###
# carbon-footprint-exploration.R
###
setwd("~/Documents/kaggle/food/")
df = read.csv("./data/sample10K_blankNAs.csv", header = TRUE, stringsAsFactors = FALSE)
head(df)
## code product_name
## 1 3.421557e+12 Terres et Céréales bio Couscous Complet
## 2 8.480018e+12 Tableta de chocolate negro con avellanas 55% cacao
## 3 5.019124e+12 Butter ghee (beurre clarifié)
## 4 3.555081e+12 nonettes aux miel et aux amandes
## 5 3.564700e+12 P'tit-beurre tablette chocolat au lait
## 6 3.250392e+12 Caviar d'aubergine
## nutrition_grade_fr countries_en proteins_100g carbohydrates_100g
## 1 France NA NA
## 2 e Spain 7.5 40
## 3 Portugal NA NA
## 4 d France 3.8 73
## 5 e France 6.5 65
## 6 France NA NA
## sugars_100g trans_fat_100g carbon_footprint_100g
## 1 NA NA NA
## 2 37 NA NA
## 3 NA NA NA
## 4 45 NA NA
## 5 39 NA NA
## 6 NA NA NA
Sine many of the fields are missing and not relevant for the classification of food grade, we will only select the relevant columns.

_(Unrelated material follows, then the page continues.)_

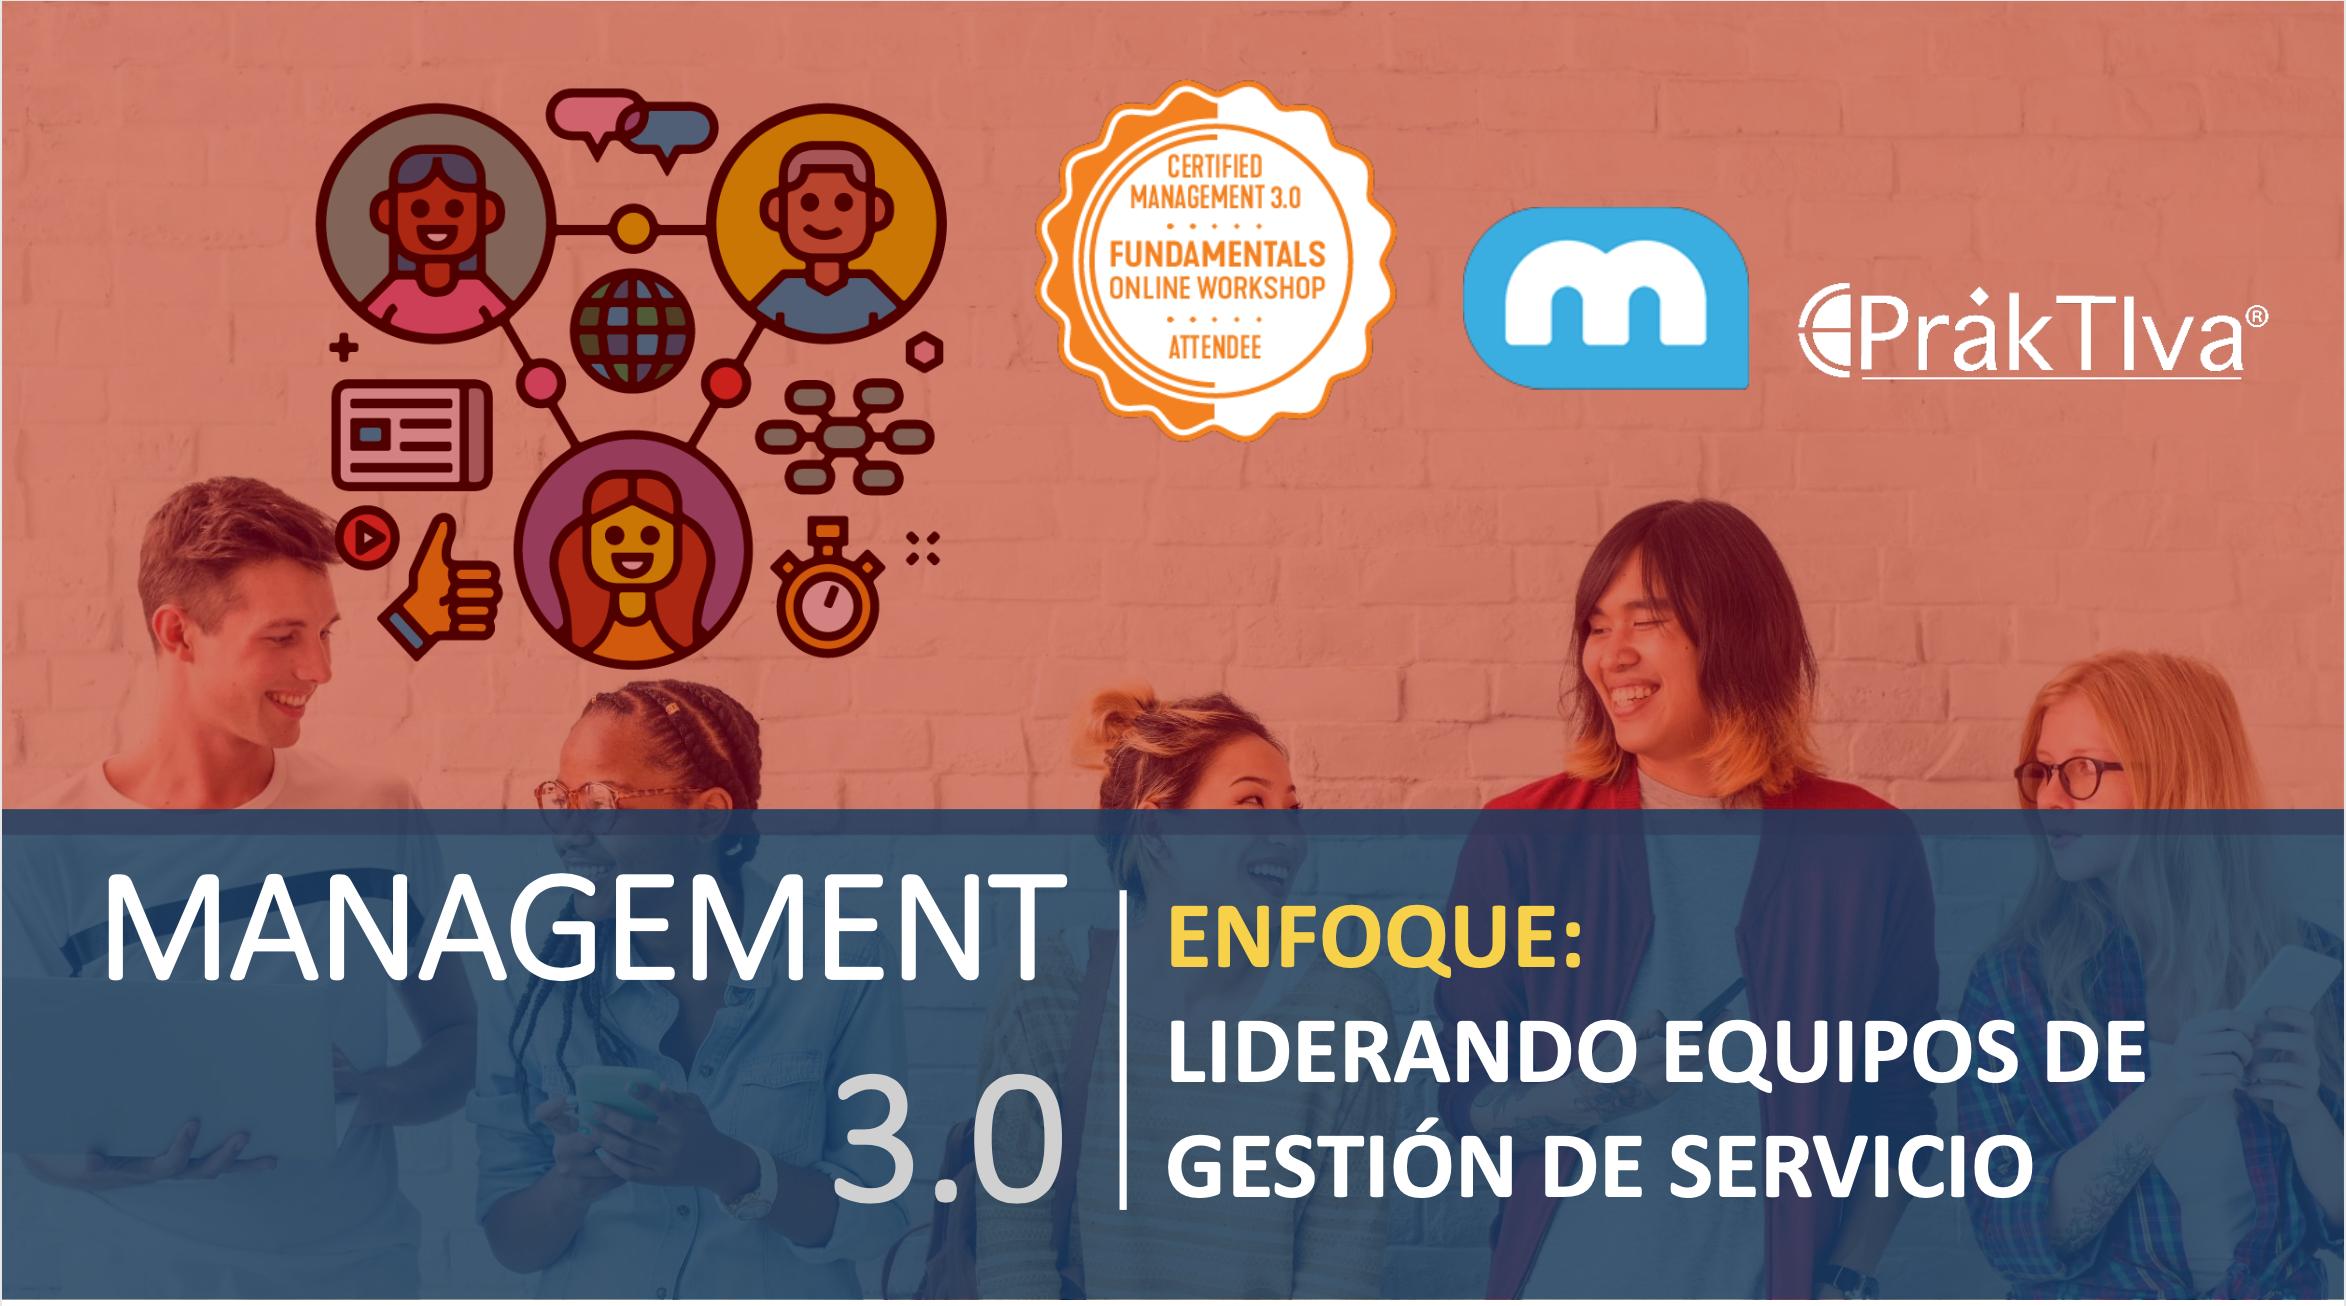 mejores certificaciones de management 3.0

df.grades = df[,c("nutrition_grade_fr", "proteins_100g", "carbohydrates_100g", "sugars_100g", "trans_fat_100g")]
Lets now see code the target variable (nutrition_grade_fr) as a Factor variable and compute the summary statistics:
df.grades$nutrition_grade_fr = as.factor(df.grades$nutrition_grade_fr)
summary(df.grades)
## nutrition_grade_fr proteins_100g carbohydrates_100g sugars_100g
## :5216 Min. : 0.000 Min. : 0.00 Min. : 0.00
## a: 892 1st Qu.: 1.600 1st Qu.: 4.20 1st Qu.: 1.10
## b: 792 Median : 5.800 Median : 13.80 Median : 4.10
## c:1063 Mean : 7.436 Mean : 27.58 Mean : 12.77
## d:1242 3rd Qu.:10.100 3rd Qu.: 53.50 3rd Qu.: 15.40
## e: 795 Max. :86.000 Max. :100.80 Max. :100.80
## NA's :4483 NA's :4480 NA's :5027
## trans_fat_100g
## Min. :0.000
## 1st Qu.:0.000
## Median :0.000
## Mean :0.113
## 3rd Qu.:0.000
## Max. :7.140
## NA's :9803
It appears that many of the target variables are blank (missing). Let’s remove these
df.grades = subset(df.grades, nutrition_grade_fr != "")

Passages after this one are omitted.